Performing the: A Step-by-Step Tutorial Lying Shoulder Sweep

  • Next, while keeping your left arm flat on the floor, lift your right arm straight up and slowly sweep it across your body, reaching towards your left hand.
  • As you sweep your arm across, turn your head to the right and follow your hand with your eyes, ensuring your back and shoulders remain flat on the floor.
  • Once your right hand has reached as far as it can towards your left hand, slowly return it back to the starting position.
  • Repeat the process with your left arm sweeping towards your right hand, and continue to alternate sides for your desired number of repetitions.

Tips for Performing Lying Shoulder Sweep

  • Controlled Movements: Move your right arm slowly and in a controlled manner across your body to the left side. It should sweep over your chest and head, and the back of your hand should lightly touch the floor on your left side. Avoid rushing the movement or using jerky motions, as this can lead to muscle strain.
  • Full Range of Motion: Ensure you're moving your arm through a full range of motion. This means your arm should be moving from one side of your body to the other, crossing over your chest and head. Don't cut the movement short, as this reduces the effectiveness of the exercise.
  • Maintain Arm Alignment: Keep your arms straight and in line with your shoulders throughout

Lying Shoulder Sweep FAQs

Can beginners do the Lying Shoulder Sweep?

Yes, beginners can do the Lying Shoulder Sweep exercise, but they should do it with caution. It's a relatively simple exercise to perform, but it does require some flexibility and strength in the shoulder area. It's always a good idea for beginners to start with light or no weight at all to avoid injury. It's also beneficial to have a trainer or experienced individual demonstrate the exercise first to ensure proper form and technique.

What are common variations of the Lying Shoulder Sweep?

  • The Dumbbell Lying Shoulder Sweep: Instead of using a barbell, this variation involves using dumbbells, which can help improve balance and coordination.
  • The Resistance Band Lying Shoulder Sweep: This variation uses a resistance band instead of weights, which can help improve flexibility and range of motion.
  • The One-Arm Lying Shoulder Sweep: This variation involves performing the exercise with one arm at a time, which can help isolate and target each shoulder individually.
  • The Kettlebell Lying Shoulder Sweep: This variation involves using a kettlebell, which can provide a different kind of resistance and help improve grip strength.
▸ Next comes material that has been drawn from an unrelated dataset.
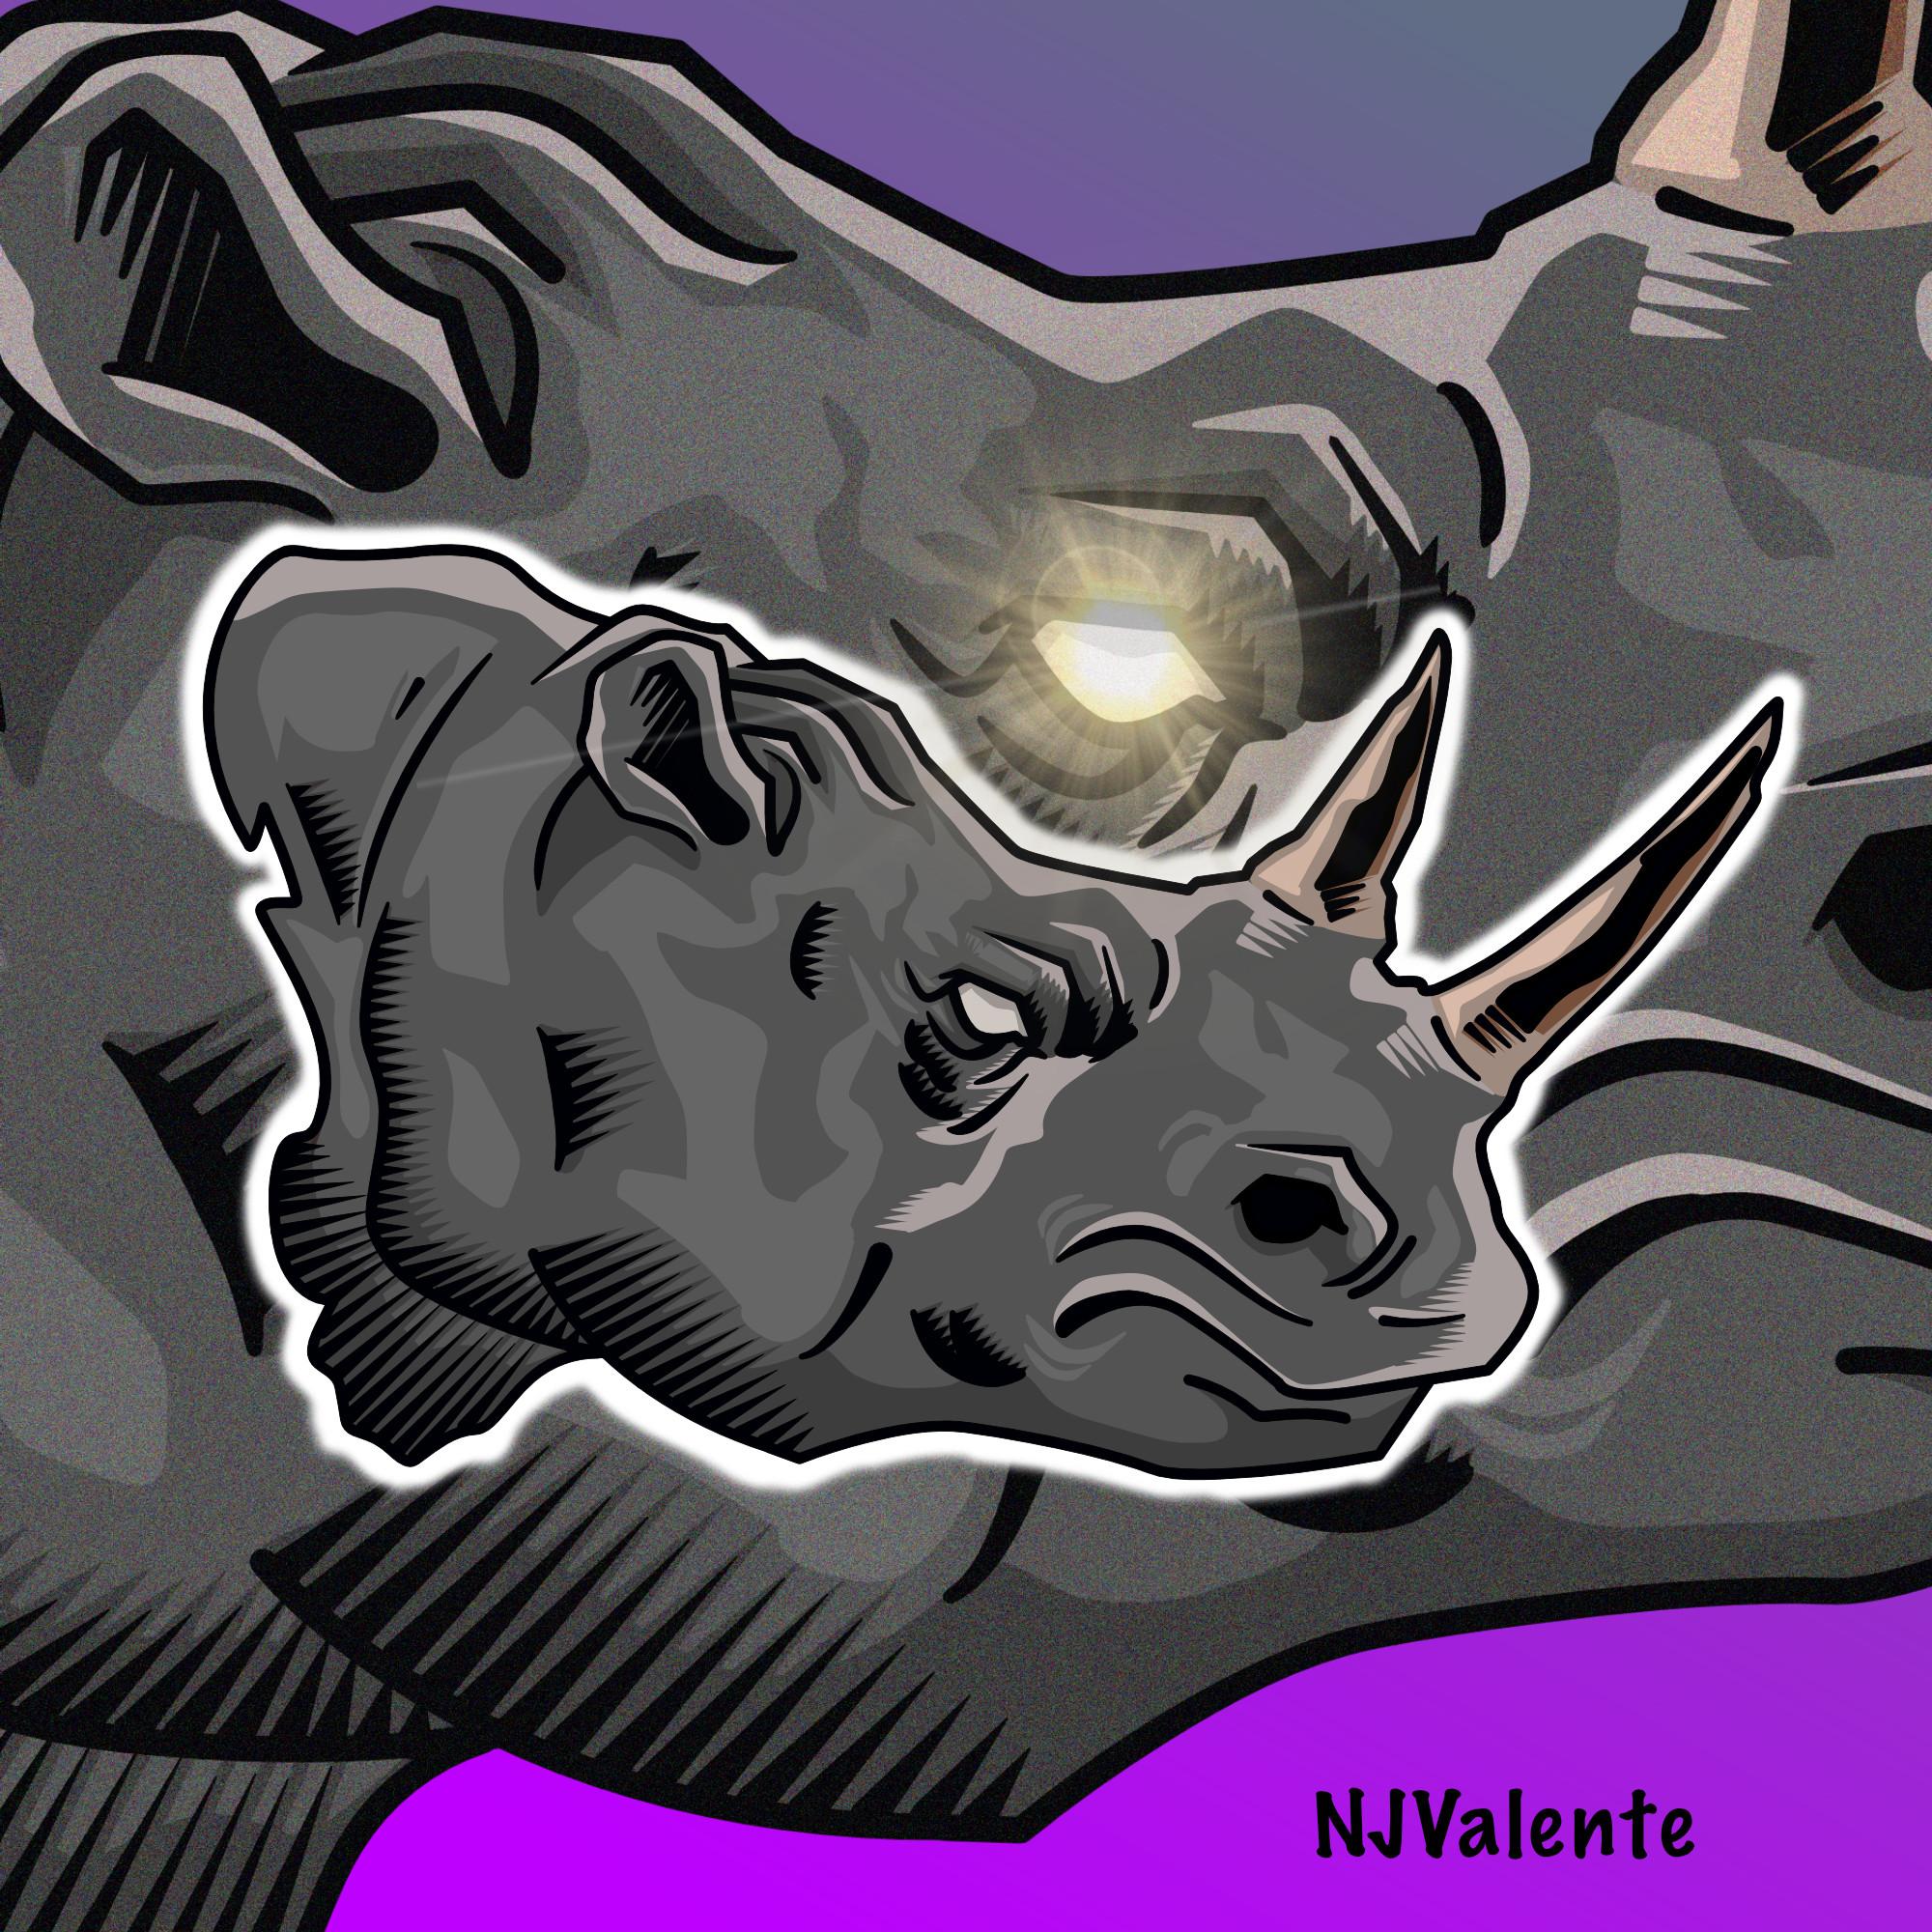 Vector illustration for merchandise development.
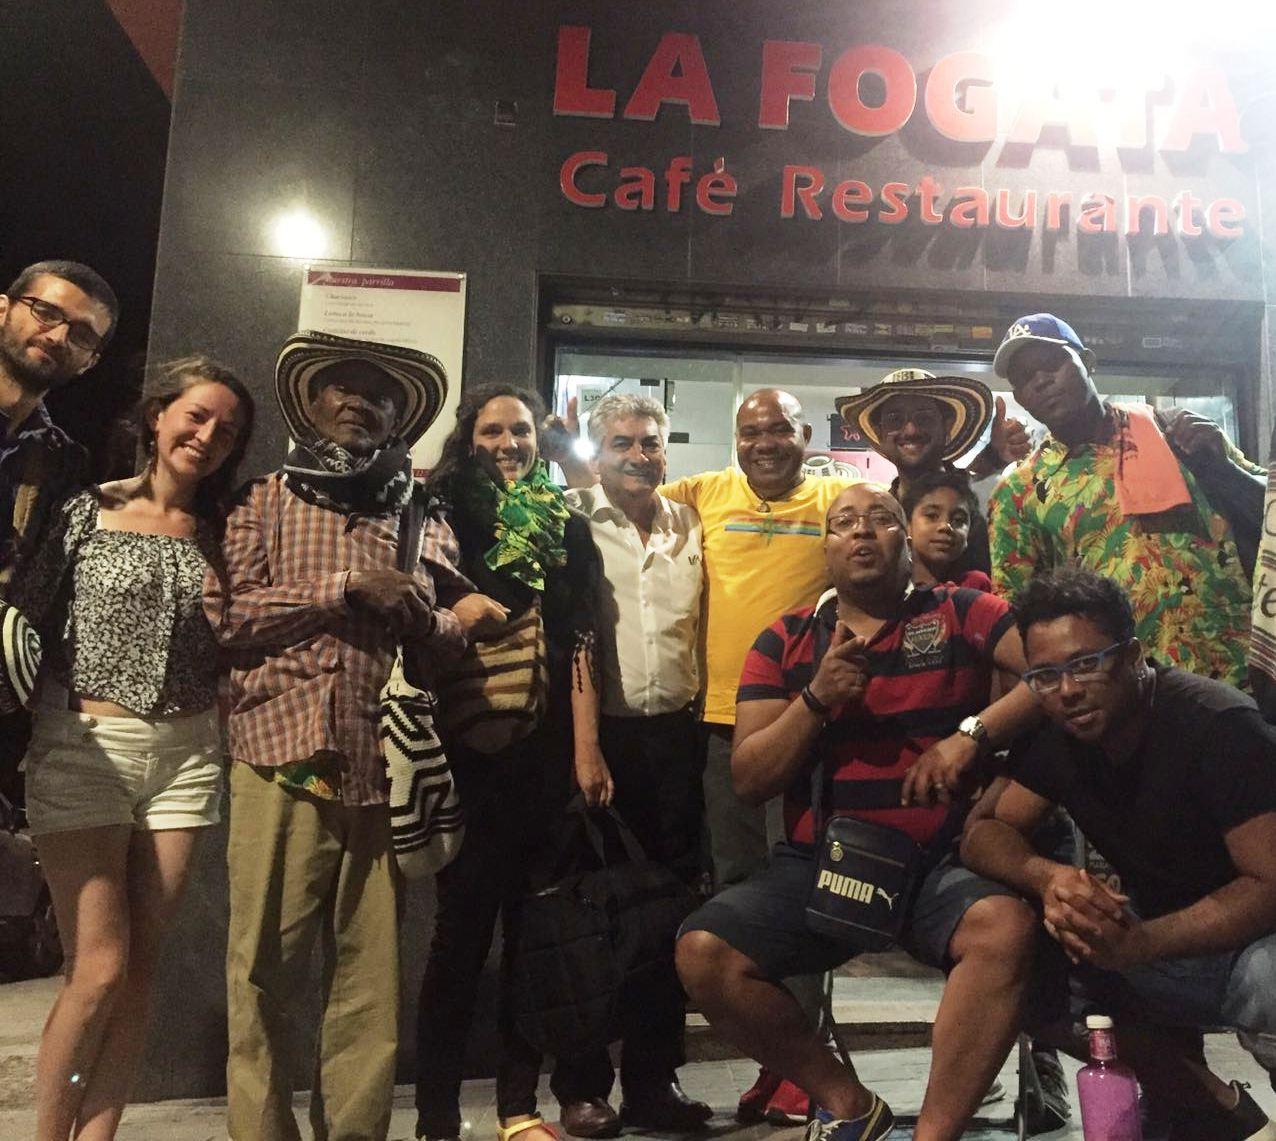 Colombianos en espa a semana de representaci n colombiana - Restaurante colombianos en madrid ...

What are good complementing exercises for the Lying Shoulder Sweep?

  • Lateral Raises are another related exercise because they target the lateral deltoids, which are also engaged during the Lying Shoulder Sweep, thus improving shoulder mobility and range of motion.
  • The Face Pull exercise is a great complement as it focuses on the rear deltoids and the upper back muscles, strengthening these areas that are also worked during the Lying Shoulder Sweep, promoting better posture and shoulder health.